Professor Mark Howden, a climatologist at the Australian National University, says that while the current Biden administration will be at the conference, and in power for another 2 months, “it’s probably a fair comment to make that the negotiating position of Biden and his colleagues is weakened by the result which has just occurred.”

“The anticipated stepping out of the UNFCCC, and the IPCC, and associated bodies by the US will have very significant impacts, just as it did last time around,” says Howden.

“The US is a major donor, and would be looked to, to be helping set the ceiling of the finance target,” says Peel.

“Without their likely participation , other countries will need to step up into that space if they were going to reach the trillions level that is being talked about in terms of finance.”

Howden says the US’ political shift will have a complicated effect on negotiations.

“Some countries may see this as an opportunity to step up, both for environmental reasons, but also for geopolitical power reasons.
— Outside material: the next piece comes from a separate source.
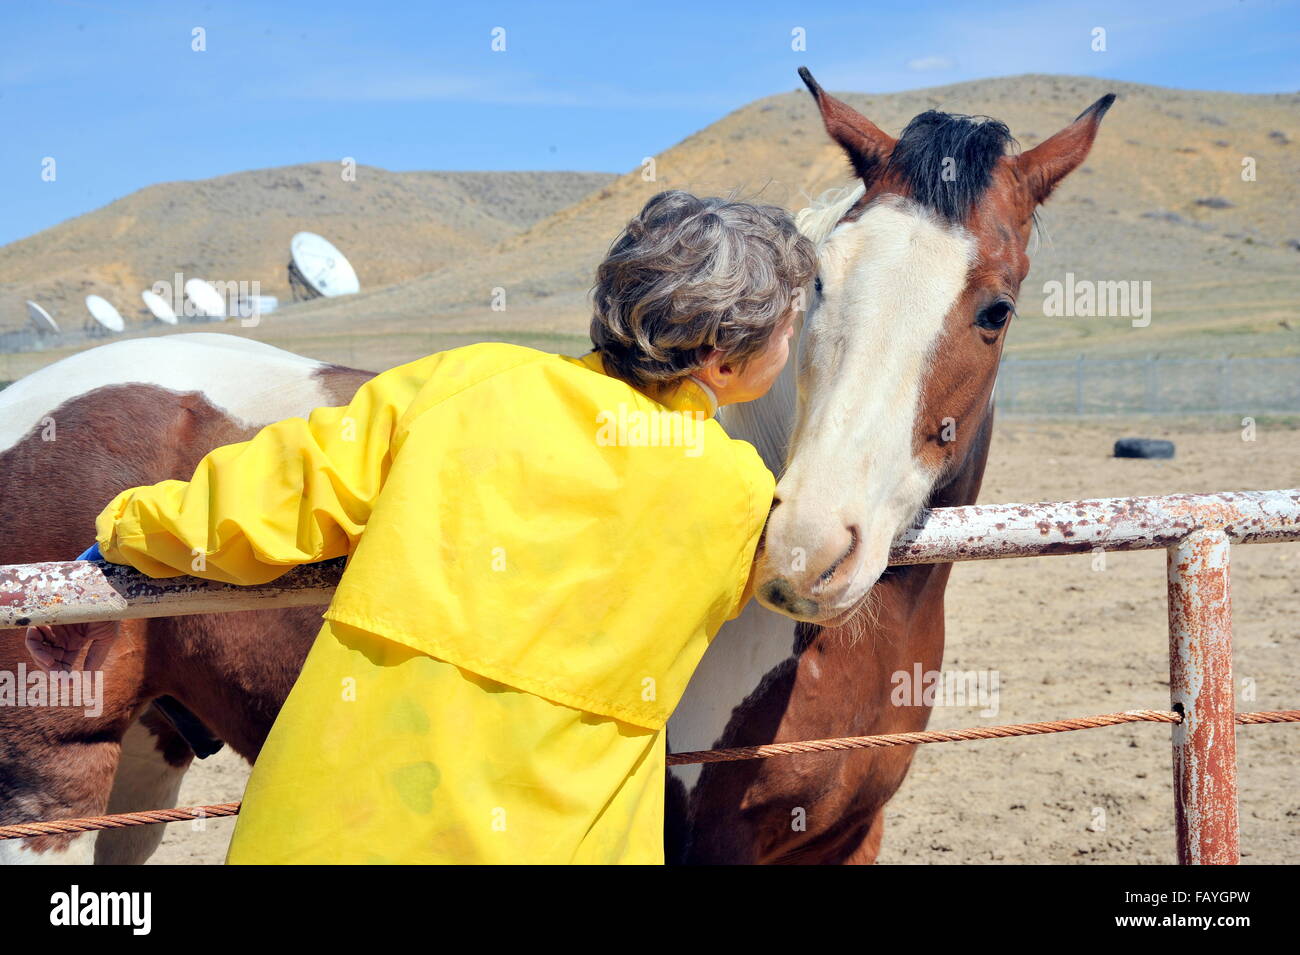 Female and horse bonding. Stock Photo

Some other countries may see this as a rationale for taking the foot off their own accelerator,” he says.

“A lot of people are talking about the role that China might seek to play and take on a mantle of climate leadership in the absence of the US,” says Peel, adding that private investors are also interested in supplementing state financing.

Howden believes the change in US government should not be used as an excuse by other negotiators.

“The science is pretty clear now: we only have a handful of years before we run out of our carbon budget that’s consistent with 1.5°C, and at current rates of change, we’re likely to exceed 1.5°C on a trend basis by the end of this decade, and possibly sooner,” he says.

“Any sort of arguments which hide behind ‘we can wait out an administration, wait out 4 years before we get back on track’, are not actually supported by science. We haven’t got 4 years to waste.”

The next COP, COP30, will take place in Brazil in November 2025.

Australia has made a bid to co-host COP31 in 2026, in partnership with Pacific nations. There are 2 remaining bids – the other comes from Turkey – and a decision on the host is expected towards the end of the conference.

“Australia is considered a promising host, particularly in conjunction with the Pacific, because of the opportunity that might provide for enhanced climate leadership on a range of issues including finance,” says Peel.

“Obviously, for Australia, one of the key issues that we always are navigating at COPs is the fact that we have major economic reliance on fossil fuels, and particularly fossil fuel exports. So we’re a major emitting economy, in that sense, and that’s also a bone of contention with our Pacific partners.”

Peel says that the partnership with the Pacific may be a good opportunity for domestic climate action.

“Pacific countries are on board with Australia putting forward this bid, but I think there’s an understanding that if the bid was successful, Pacific countries would be wanting to push Australia on the way that it was going to approach emissions reduction, particularly from our fossil fuel exports.

“That may well open up some new kinds of possibilities in the domestic scene.”